Миледи смежила глаза, ее сразу понесло куда-то по спирали, в самое сердце неведомой вселенной, аж в ушах засвистело. Она всхрапнула, блаженно улыбаясь. Люся, глядя на гостью, пила вино и плакала. Поганая работа, поганая жизнь. Все скверно, хоть петлю на шею. Ей захотелось засветить гостью скалкой по виску, чтобы больше не просыпалась, но так бы и ушла в иной мир со счастливым лицом. Дурам везет. Вот таким губастым, носастым дурам, у которых гитарою бедра, и проклятые жеребцы только и смотрят на этот б... развалец, будто в нем и есть вся сердцевина бытия, его мед и сахар. Придя в нарочитое бешенство, побарывая туманец в голове, Люся даже поискала взглядом что поувесистее, будто хотела тут же исполнить намерение. Но глаза уперлись в бутылку с «Бычьей кровью», и страшный интерес сразу загас...
В гостиной Гриша неожиданно сменил пластинку; его потянуло на душевный раздрызг, и он заиграл романсы. Миледи будто кто толкнул в грудь; она привстала с дивана со свежими ясными глазами, похожими на два крыжовника, омытых росою. Во взгляде было чистое удивленное выражение счастливого ребенка.
– У Григория Семеновича талант. Он многого стоит...
– Так давай, махнемся...
– Как это? – не поняла Миледи.
– Можно на денек, для пробы. Можно навсегда, через загс. – Люся зло сощурилась, морщиноватое лицо ее взялось в гармошку.
– Ну как же меняться, если у него все на нуль, – засмеялась Миледи. Вроде бы изрядно нарюмилась, а ума вот не потеряла, и всякое слово, сказанное в застолье, оказывается, осталось при ней.
– А тебе надо два нуля с палочкой? Вам, молодым, все выложь да подай на блюдечке. Сами-то уж ничего! Вы созданы для счастья, как птицы для полета, да? А мы должны себя по живому резать? – визгливо закричала хозяйка, и оттопыренное острое колено, туго обтянутое черной батистовой юбкой, прянуло угрозливо к Миледи, как бойцовский топор.
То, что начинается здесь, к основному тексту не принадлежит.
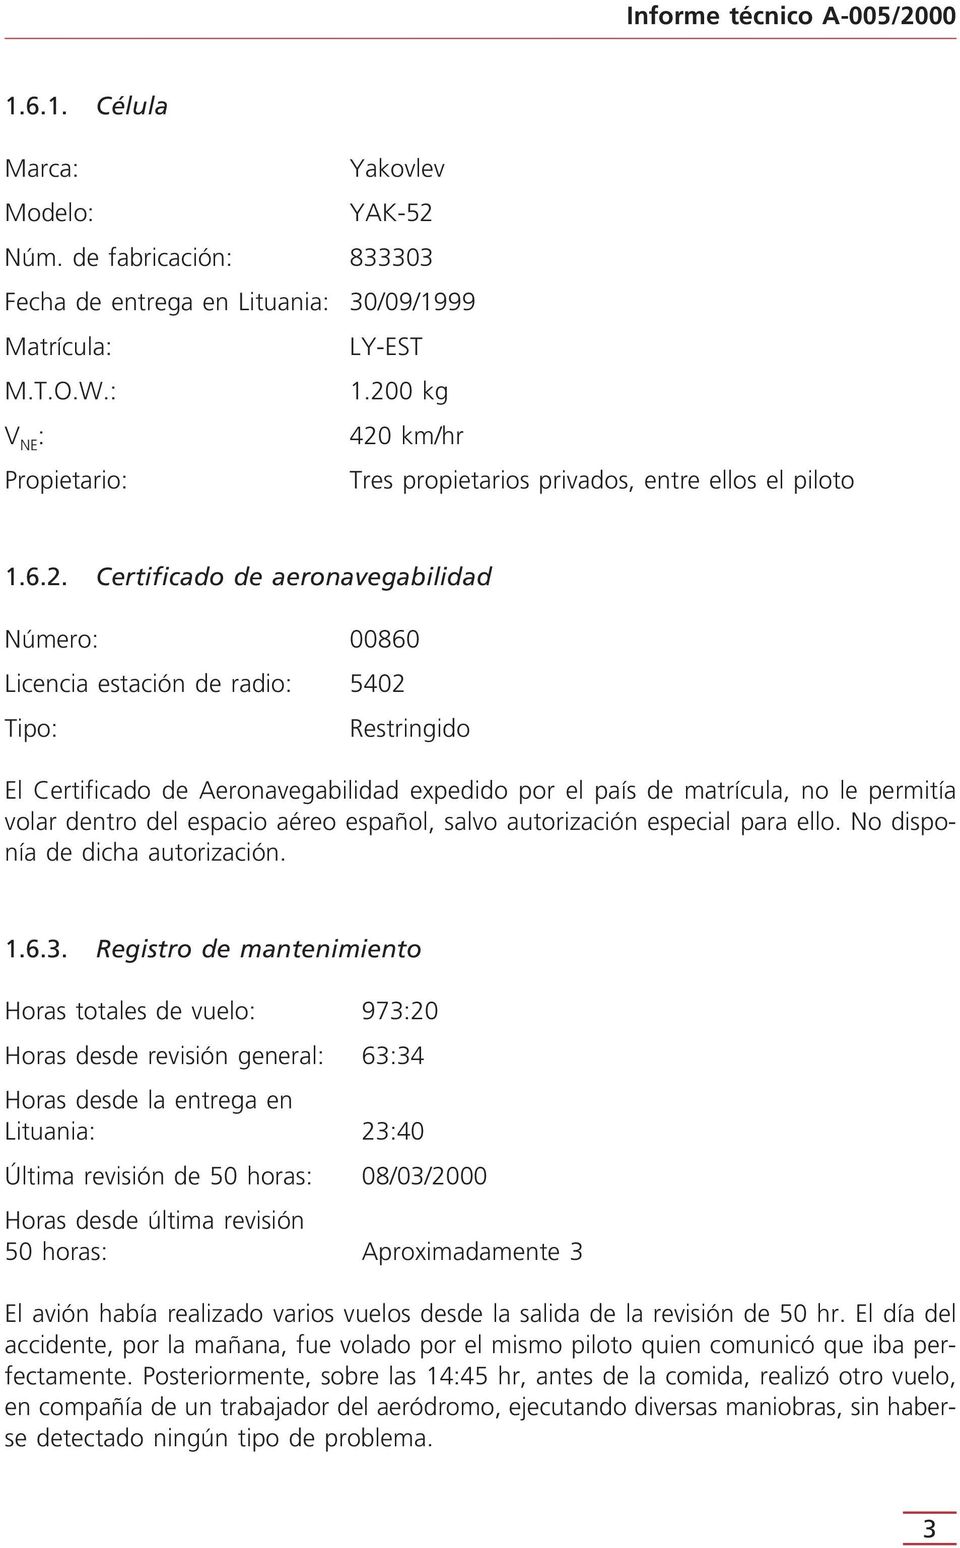 Certificado de Aeronavegabilidad expedido por el país de matrícula, no le permitía volar dentro del espacio aéreo español, salvo autorización especial para ello. No disponía de dicha autorización. 1.

Миледи испуганно поджала ноги и убралась к стене.
– Люся, зачем так-то? – прошептала Миледи, и глаза ее остекленели от близкой слезы. – Ты меня не обижай, слышь? Меня обижать нельзя...
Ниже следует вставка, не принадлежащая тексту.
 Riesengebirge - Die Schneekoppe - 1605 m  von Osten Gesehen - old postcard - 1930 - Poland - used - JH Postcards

– Кто ты такая, чтобы тебя не обижать? Откуда выискалась?
За дверью музыка споткнулась, скрипнул табурет, что-то требовательно сказала дочь, наверное, попросила отца играть. Раздался приятный, слегка натянутый баритон Григория Семеновича: «Любовь нечаянно нагрянет, когда ее совсем не ждешь...»
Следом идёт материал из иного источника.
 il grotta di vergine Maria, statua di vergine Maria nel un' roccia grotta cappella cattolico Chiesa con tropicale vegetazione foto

– Меня обижать нельзя, – упрямо повторила Миледи. – Если что не так сказала, так прости меня, дуру. Мы, бабы, стервы, сучье мы племя. Бог нас произвел на испытание мужчинам. Была бы моя воля, Люся, я бы лучше родилась мужиком.
– Это ты прости меня, – повинилась Люся. – Кто нынче без забот? Все опрокинулось и едва ли скоро встанет на ноги. Раньше учили летать, теперь – ползать.
– Ваня ползать не хочет. Он раскалился и жизни не видит. Он теперь не знает, кого убить в первую очередь, кого во вторую. Он хочет своих «буров» вести на Москву. Такие у него нынче шутки. Надо, говорит, на этих б... дивизию танков.
Люся испуганно посмотрела на гостью, с нее сразу слетел хмель. Даже дом насторожился, подслушивая всеми своими углами и схоронами, обвитыми паутиною, словно бы вместо пауков там заселились американские уши.
– Еще выпьешь? – спросила с жалостью. – Он что, того?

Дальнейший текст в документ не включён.